A tax refund feels like found money, but it's important to remember: it's money you earned that the government held onto throughout the year. When you get it back, the goal is to use it in a way that genuinely improves your financial position rather than letting it disappear into everyday spending.

Here are the most effective options for Canadians receiving a tax refund in 2025.

1. Pay Down High-Interest Debt First

If you're carrying a balance on credit cards or a high-interest line of credit, using your refund to pay it down is almost always the highest-return use of that money. Credit card interest rates in Canada are typically in the range of 19.99% annually — far higher than any guaranteed investment return.

Paying off $1,000 in credit card debt isn't as exciting as investing it, but it's mathematically equivalent to earning a 19.99% guaranteed, tax-free return.

2. Contribute to Your RRSP

Contributing your refund to your Registered Retirement Savings Plan (RRSP) creates a compounding benefit: the RRSP contribution reduces next year's taxable income, which may generate an even larger refund, which you can contribute again. This cycle is one of the most powerful wealth-building strategies available to Canadians.

Check your available RRSP contribution room on your latest Notice of Assessment to see how much you can add.

3. Max Out Your TFSA

The Tax-Free Savings Account (TFSA) is one of Canada's most flexible financial tools. Money grows inside a TFSA completely tax-free, and withdrawals are also tax-free. Unlike an RRSP, contributions to a TFSA don't reduce your taxable income, but the long-term compounding benefit is significant.

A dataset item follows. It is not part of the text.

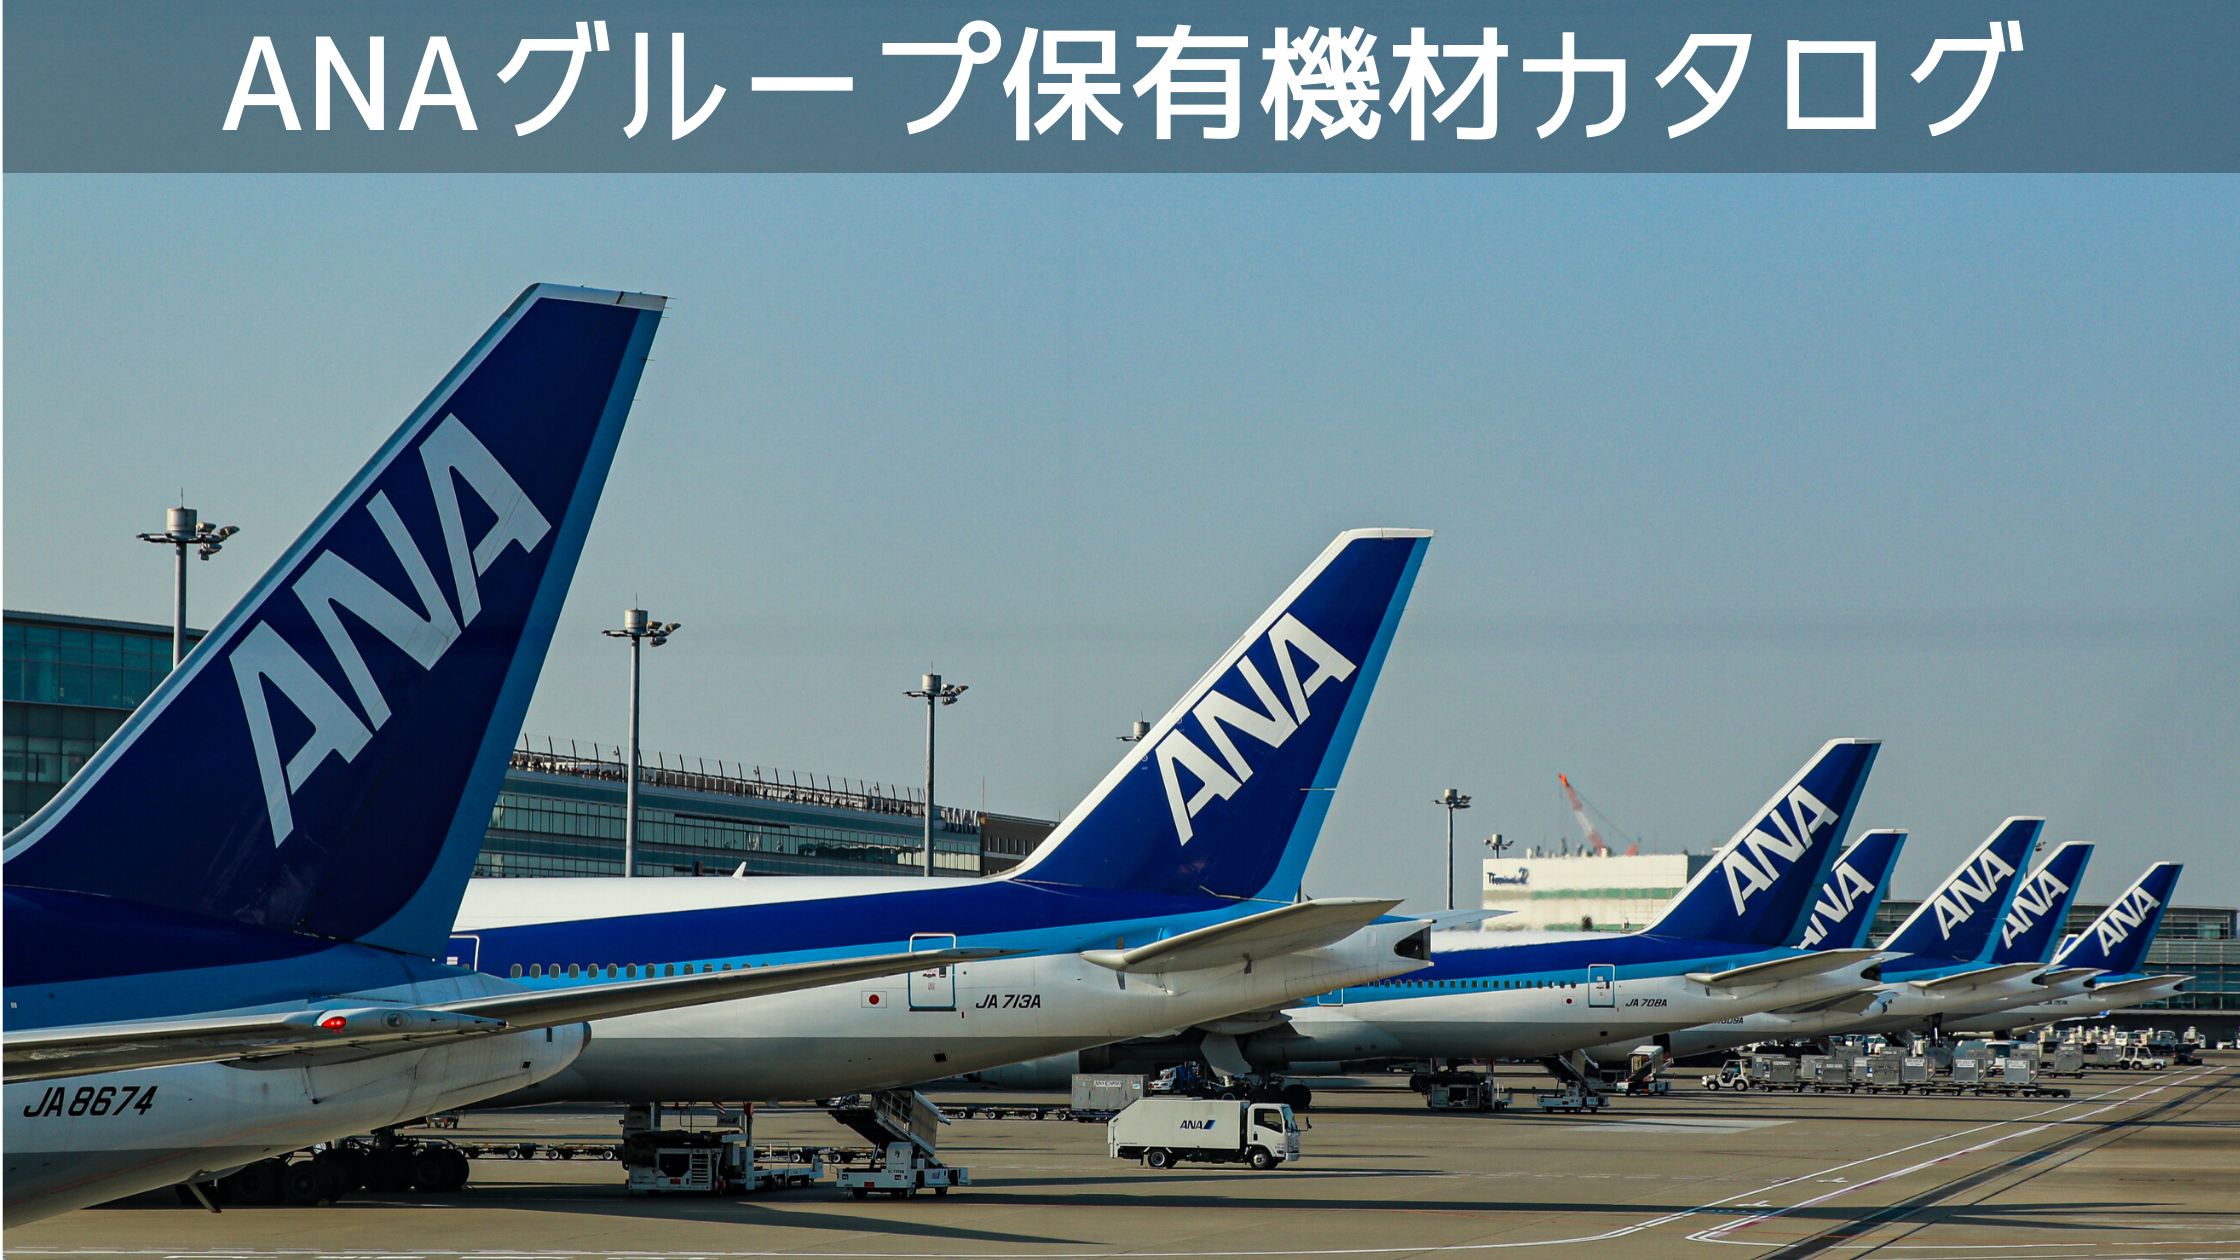 21年2月最新版 全18種類 全日本空輸 Ana グループ保有機材カタログ

Your TFSA contribution room accumulates every year from the year you turned 18 (and were a Canadian resident). If you've never contributed or have unused room, your refund could go a long way toward catching up.

4. Build or Top Up an Emergency Fund

Financial advisors generally recommend having three to six months of living expenses in a readily accessible account. If you don't have an emergency fund — or yours has been depleted — your tax refund is an ideal opportunity to build one.

A high-interest savings account (HISA) or a TFSA used as an emergency fund keeps your money accessible while still earning some return.

5. Invest in a First Home Savings Account (FHSA)

The First Home Savings Account is a relatively new registered account in Canada designed specifically for first-time home buyers. It combines features of both the RRSP and TFSA:

  • Contributions are tax-deductible (like an RRSP)
  • Withdrawals for a qualifying home purchase are tax-free (like a TFSA)
  • Annual contribution limit of $8,000, with a lifetime maximum of $40,000

If you're saving for your first home, directing your tax refund into an FHSA is one of the most tax-efficient moves available right now.

6. Invest in Your Skills or Business

For some Canadians — especially those who are self-employed or building a side income — reinvesting a refund into education, tools, or business development can generate returns that outperform financial investments. A course that helps you earn more or expand your client base can pay dividends for years.

7. Make a Lump-Sum Mortgage Payment

If you own a home, most Canadian mortgages allow annual lump-sum prepayments (typically between 10% and 20% of the original mortgage amount). Applying your refund as a prepayment reduces your principal, which reduces the total interest paid over the life of the mortgage. Even a modest prepayment can save meaningful money in the long run.

Putting It All Together

There's no single right answer for how to use a tax refund — the best option depends on your current debt load, savings goals, and life stage. A useful framework is to prioritize in this order:

  1. Eliminate high-interest debt
  2. Build an emergency fund if you don't have one
  3. Invest through registered accounts (RRSP, TFSA, FHSA)
  4. Accelerate mortgage paydown
  5. Invest in growth (education, business, non-registered investments)

Whatever you decide, being intentional about your refund puts you ahead of those who spend it without a plan.